The English are feeling the pinch in relation to recent events in Syria and have therefore raised their security level from "Miffed" to "Peeved." Soon, though, security levels may be raised yet again to "Irritated" or even "A Bit Cross." The English have not been "A Bit Cross" since the blitz in 1940 when tea supplies nearly ran out. Terrorists have been re-categorized from "Tiresome" to "A Bloody Nuisance." The last time the British issued a "Bloody Nuisance" warning level was in 1588, when threatened by the Spanish Armada.


The Scots have raised their threat level from "Pissed Off" to "Let's get the Bastards." They don't have any other levels. This is the reason they have been used on the front line of the British army for the last 300 years.


The French government announced yesterday that it has raised its terror alert level from "Run" to "Hide." The only two higher levels in France are "Collaborate" and "Surrender." The rise was precipitated by a recent fire that destroyed France 's white flag factory, effectively paralyzing the country's military capability. 


Italy has increased the alert level from "Shout Loudly and Excitedly" to "Elaborate Military Posturing." Two more levels remain: "Ineffective Combat Operations" and "Change Sides."


The Germans have increased their alert state from "Disdainful Arrogance" to "Dress in Uniform and Sing Marching Songs." They also have two higher levels: "Invade a Neighbour" and "Lose."


Belgians, on the other hand, are all on holiday as usual; the only threat they are worried about is NATO pulling out of Brussels.


The Spanish are all excited to see their new submarines ready to deploy. These beautifully designed subs have glass bottoms so the new Spanish navy can get a really good look at the old Spanish navy.

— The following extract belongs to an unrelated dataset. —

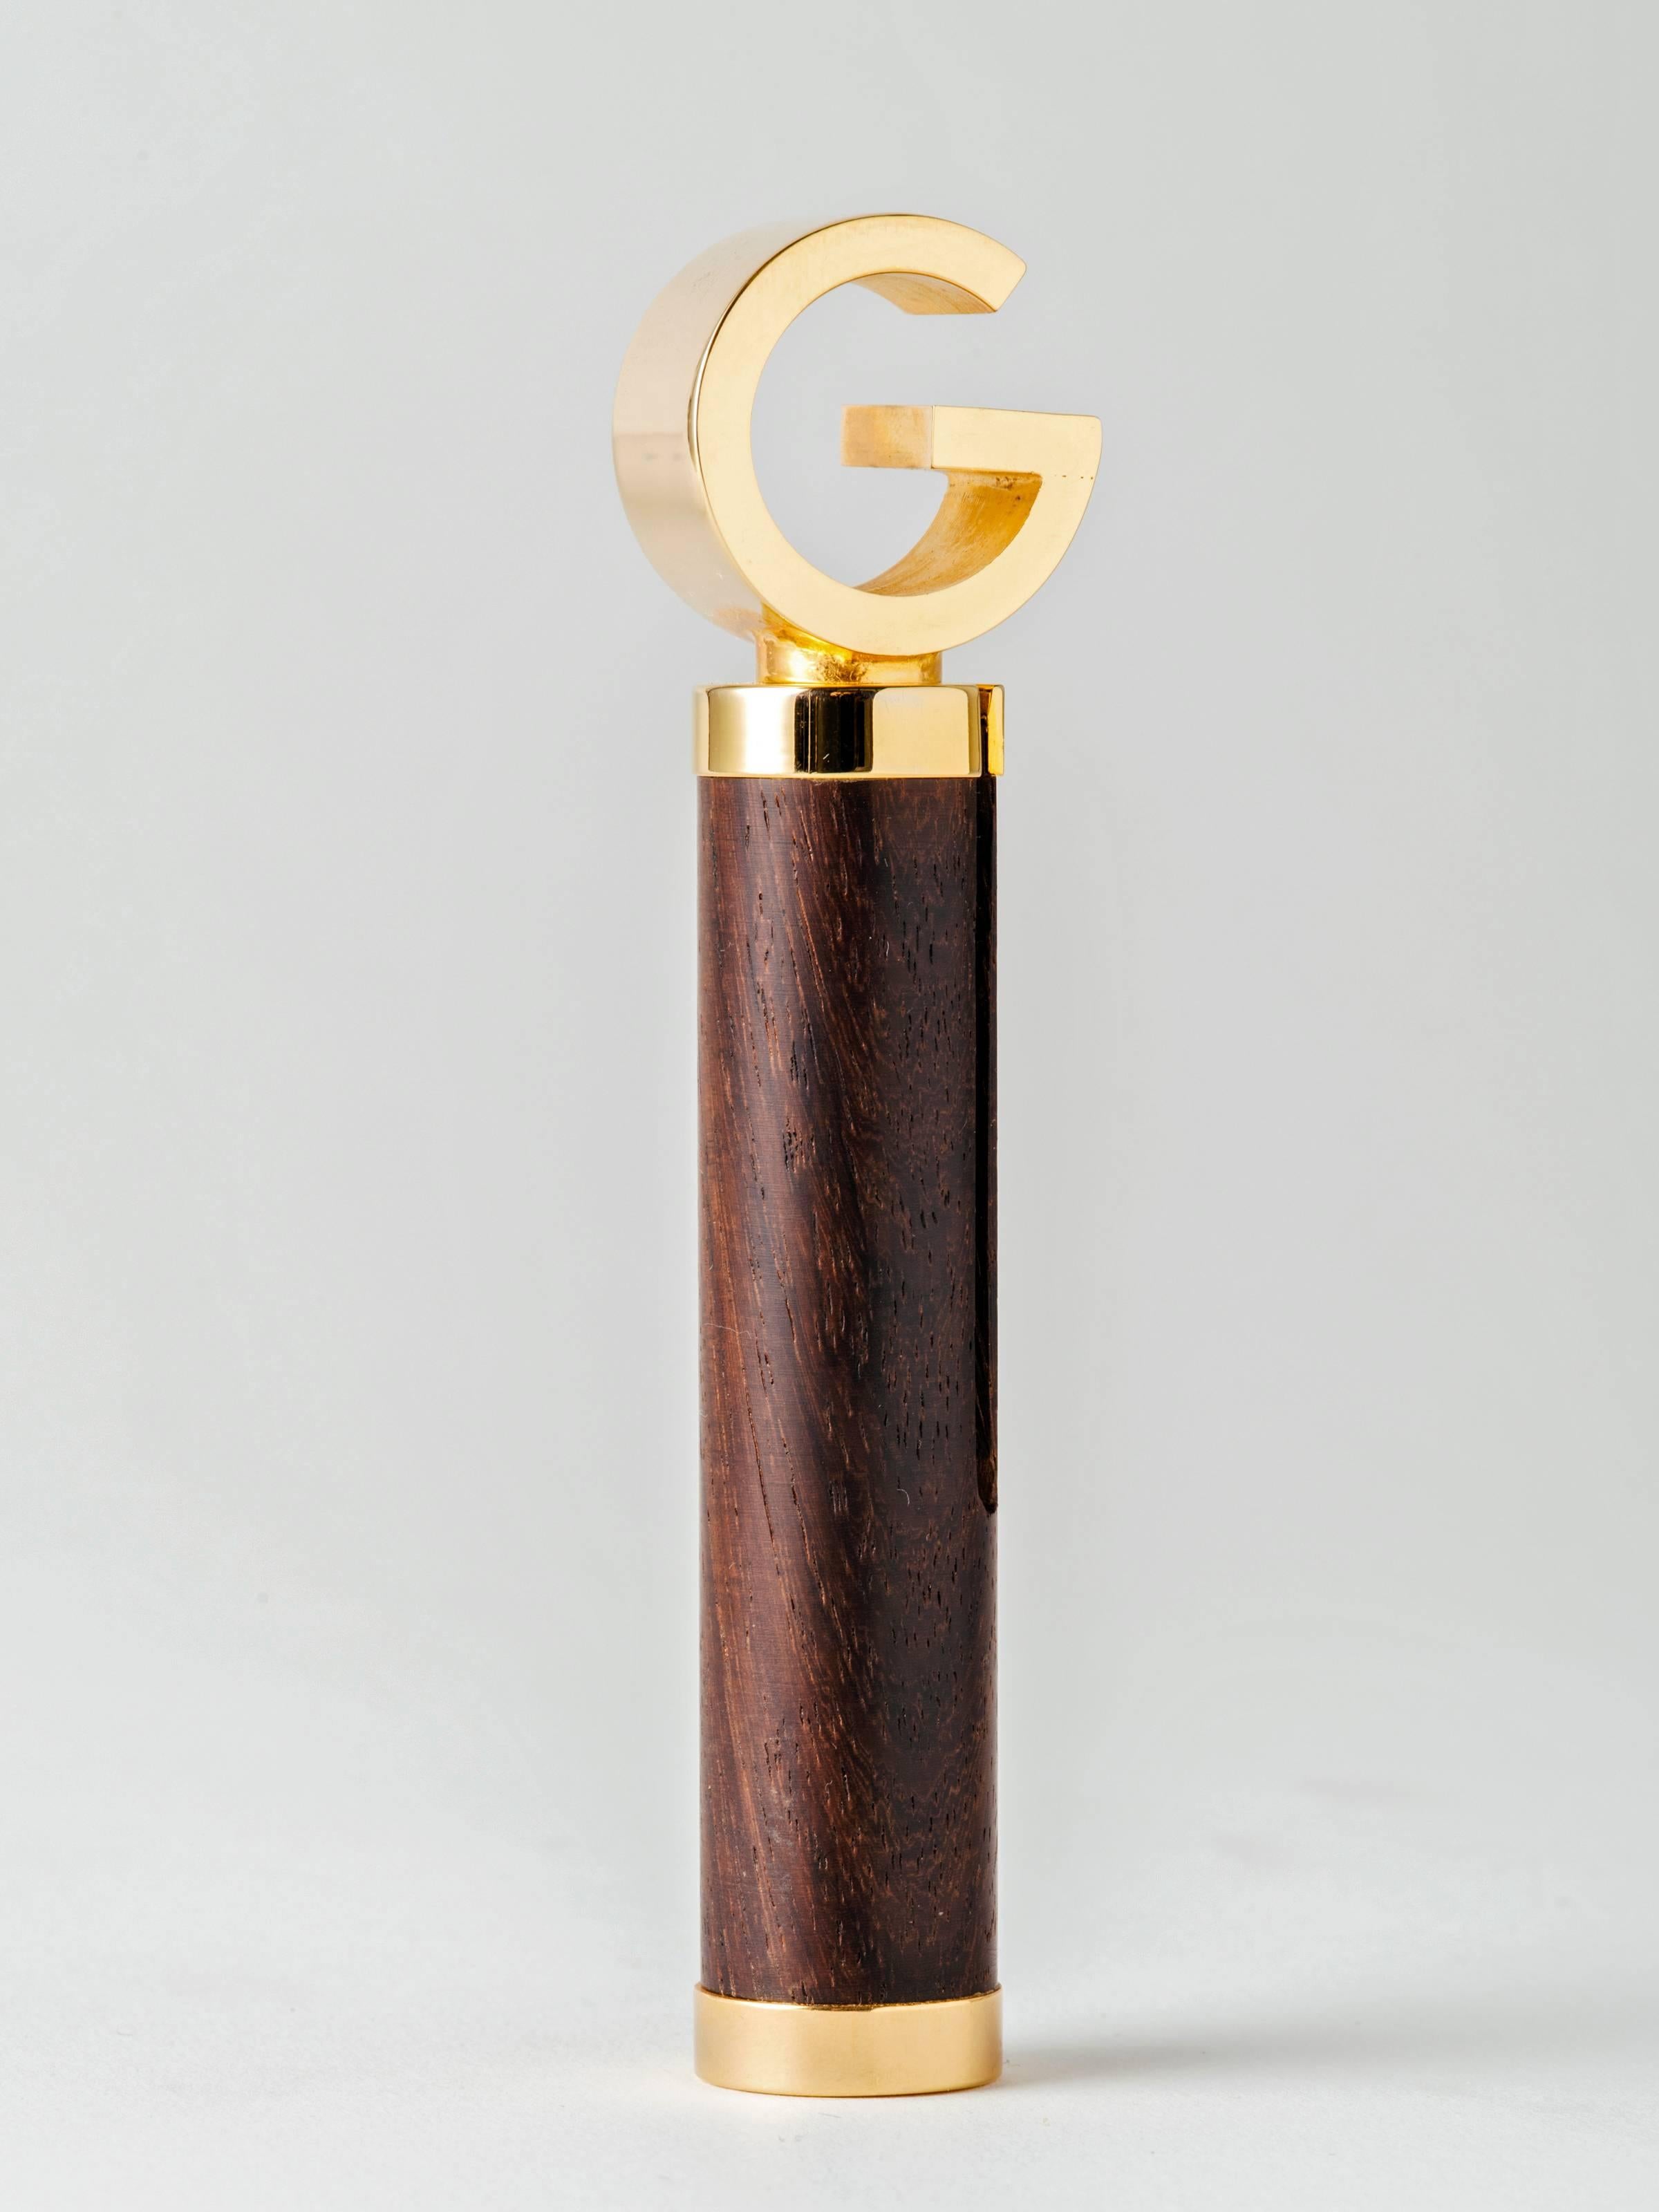 An ingeniously-designed, roundlet-style corkscrew or bottle opener executed in exotic wood and gold plated brass by Gucci, Italy, 1960s. The luxury brand's iconic G logo unscrews from the wood cylinder and slides precisely over one end to form a T

Australia, meanwhile, has raised its security level from "No worries" to "She'll be right, Mate." Two more escalation levels remain: "Crikey! I think we'll need to cancel the barbie this weekend!" and "The barbie is cancelled." So far no situation has ever warranted use of the last final escalation level.


Regards,
John Cleese ,
British writer, actor and tall person


And as a final thought - Greece is collapsing, the Iranians are getting aggressive, and Rome is in disarray. Welcome back to 430 BC.


----------



## KeithChesterfield (Mar 12, 2010)

And our other Allies ..................

Americans meanwhile are carrying out pre-emptive strikes on all of their allies, just in case.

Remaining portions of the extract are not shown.